Global control plane offline

• Policy updates will be impossible
• Change in service list between zones will not propagate:
  • New services will not be discoverable in other zones.
  • Services removed from a zone will still appear available in other zones.
• You won’t be able to disable or delete a zone.

Note that both local and cross-zone application traffic is not impacted by this failure case. Data plane proxy changes will be propagated within their zones.

Zone control plane offline

• New data plane proxies won’t be able to join the mesh. This includes new instances (Pod/VM) that are newly created by automatic deployment mechanisms (for example, a rolling update process), meaning a control plane connection failure could block updates of applications and events that create new instances.
• On mTLS enabled meshes, a data plane proxy may fail to refresh its client certificate prior to expiry (defaults to 24 hours), thus causing traffic from/to this data plane to fail.
• Data plane proxy configuration will not be updated.
• Communication between data plane proxies will still work.
• Cross zone communication will still work.
• Other zones are unaffected.

You can think of this failure case as “Freezing” the zone mesh configuration. Communication will still work but changes will not be reflected on existing data plane proxies.

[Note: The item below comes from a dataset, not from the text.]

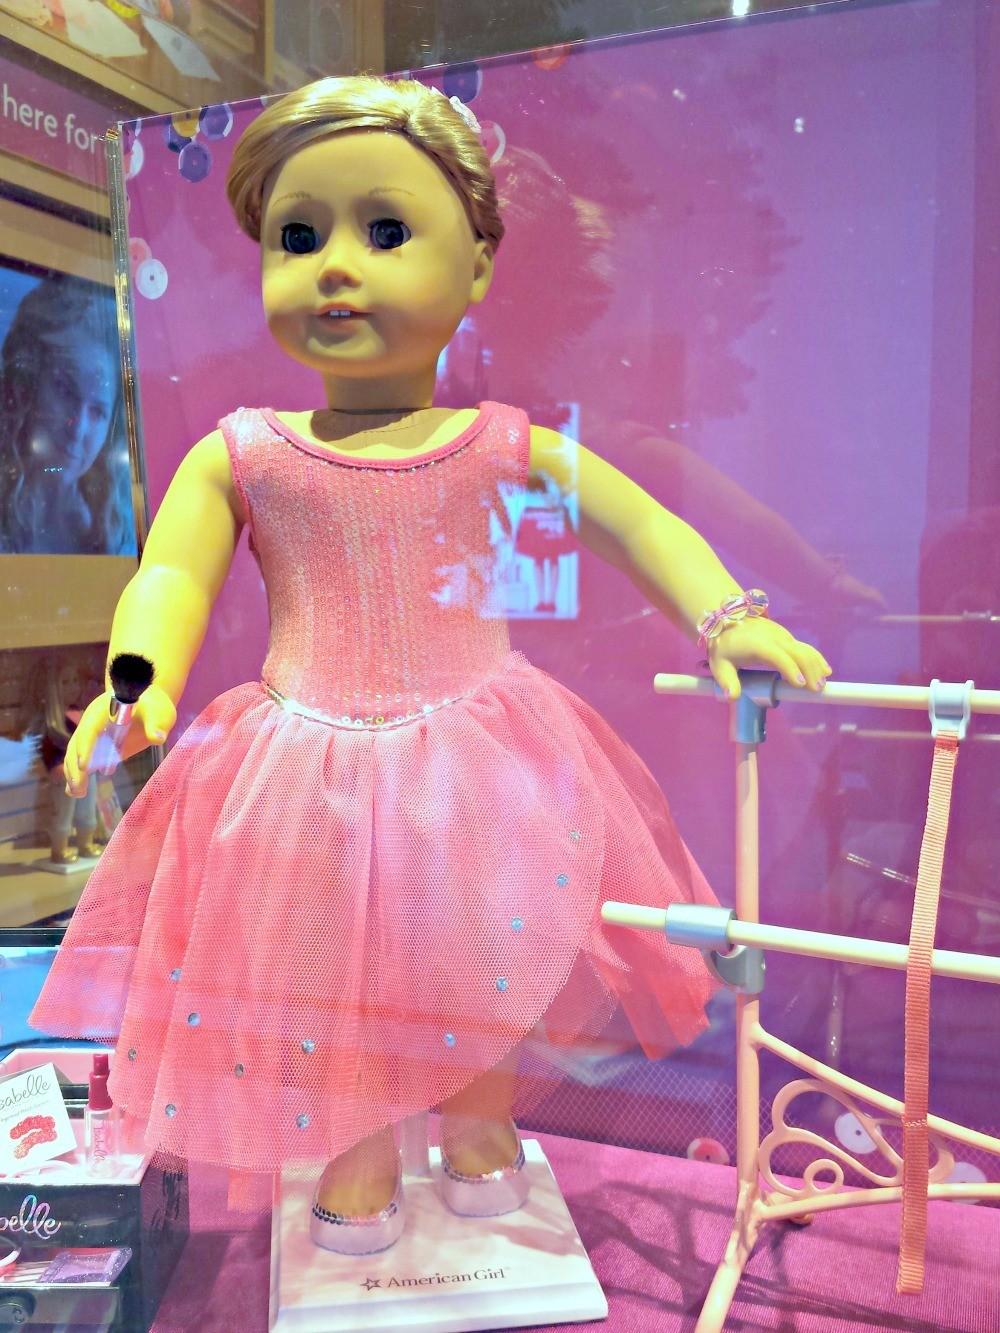 American Girl Doll Store | Skimbaco Lifestyle | online magazine

Communication between Global and Zone control plane failing

This can happen with misconfiguration or network connectivity issues between control planes.

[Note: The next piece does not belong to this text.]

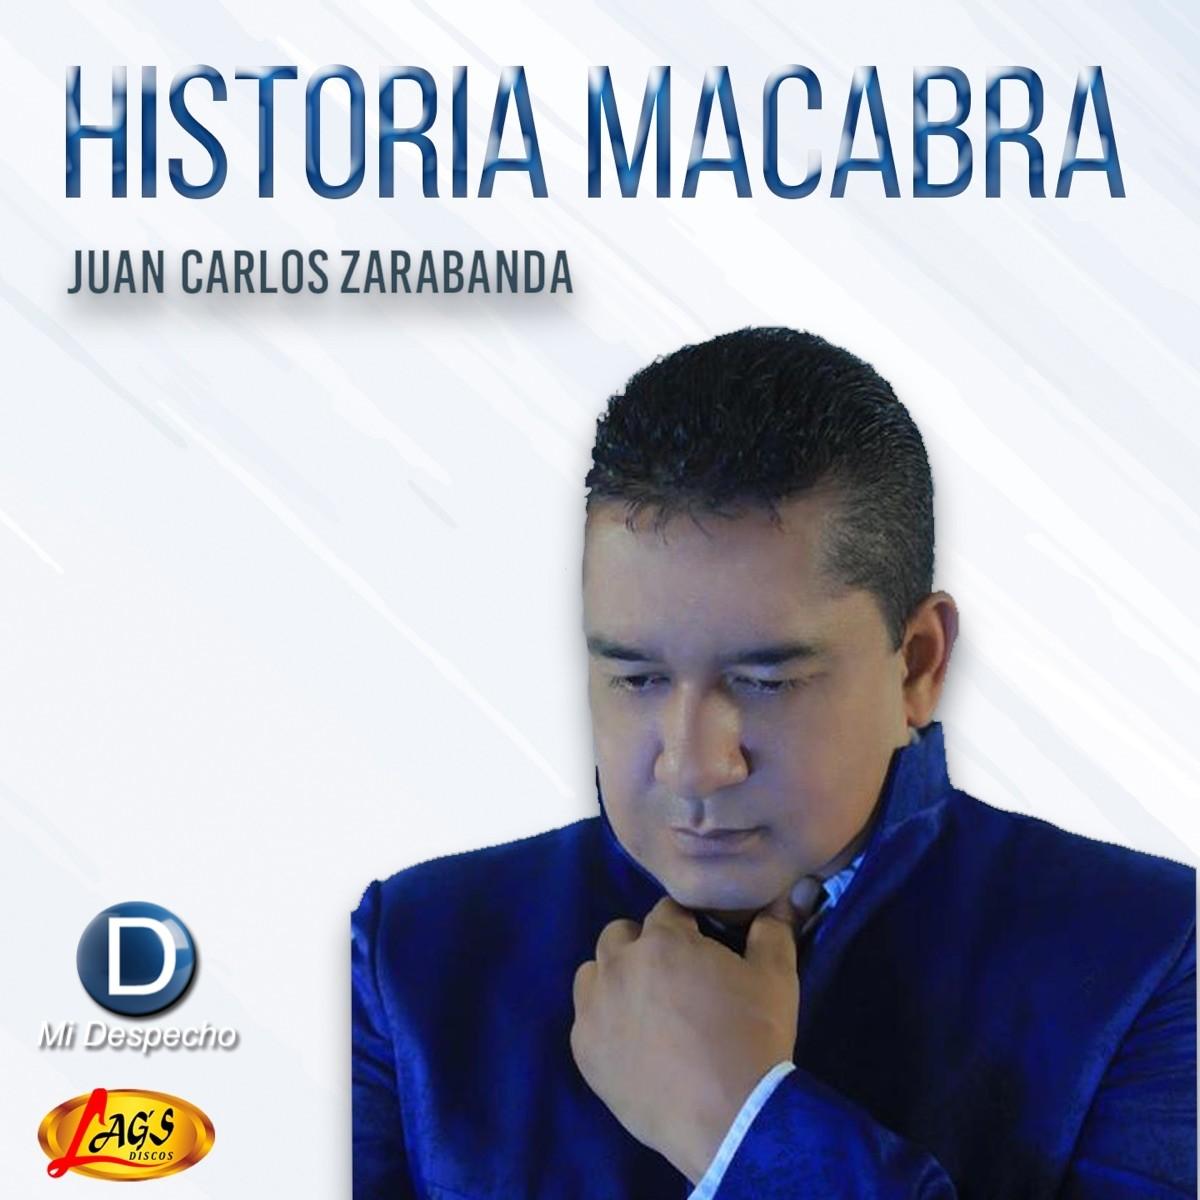 Juan Carlos Zarabanda Historia Macabra Frontal

• Operations inside the zone will happen correctly (data plane proxies can join, leave and all configuration will be updated and sent correctly).
• Policy changes will not be propagated to the zone control plane.
• ZoneIngress, ZoneEgress and Dataplane changes will not be propagated to the global control plane:
  • The global inventory view of the data plane proxies will be outdated (this only impacts observability).
  • Other zones will not see new services registered inside this zone.
  • Other zones will not see services no longer running inside this zone.
  • Other zones will not see changes in number of instances of each service running in the local zone.
• Global control plane will not send changes from other zone ingress to the zone:
  • Local data plane proxies will not see new services registered in other zones.
  • Local data plane proxies will not see services no longer running in other zones.
  • Local data plane proxies will not see changes in number of instances of each service running in other zones.
• Global control plane will not send changes from other zone ingress to the zone.

Note that both local and cross-zone application traffic is not impacted by this failure case.

Communication between 2 zones failing

This can happen if there are network connectivity issues:

• Between control plane and zone ingress from other zone.
• Between control plane and zone egress (when present).
• Between zone egress (when present) and zone ingress from other zone.
• All Zone egress instances of a zone (when present) are down.
• All zone ingress instances of a zone are down.

When it happens:

• Communication and operation within each zone is unaffected.
• Communication across each zone will fail.

With the right resiliency setup (MeshRetries, MeshHealthCheck, MeshLoadBalancingStrategy, MeshCircuitBreakers) the failing zone can be quickly severed and traffic re-routed to another zone.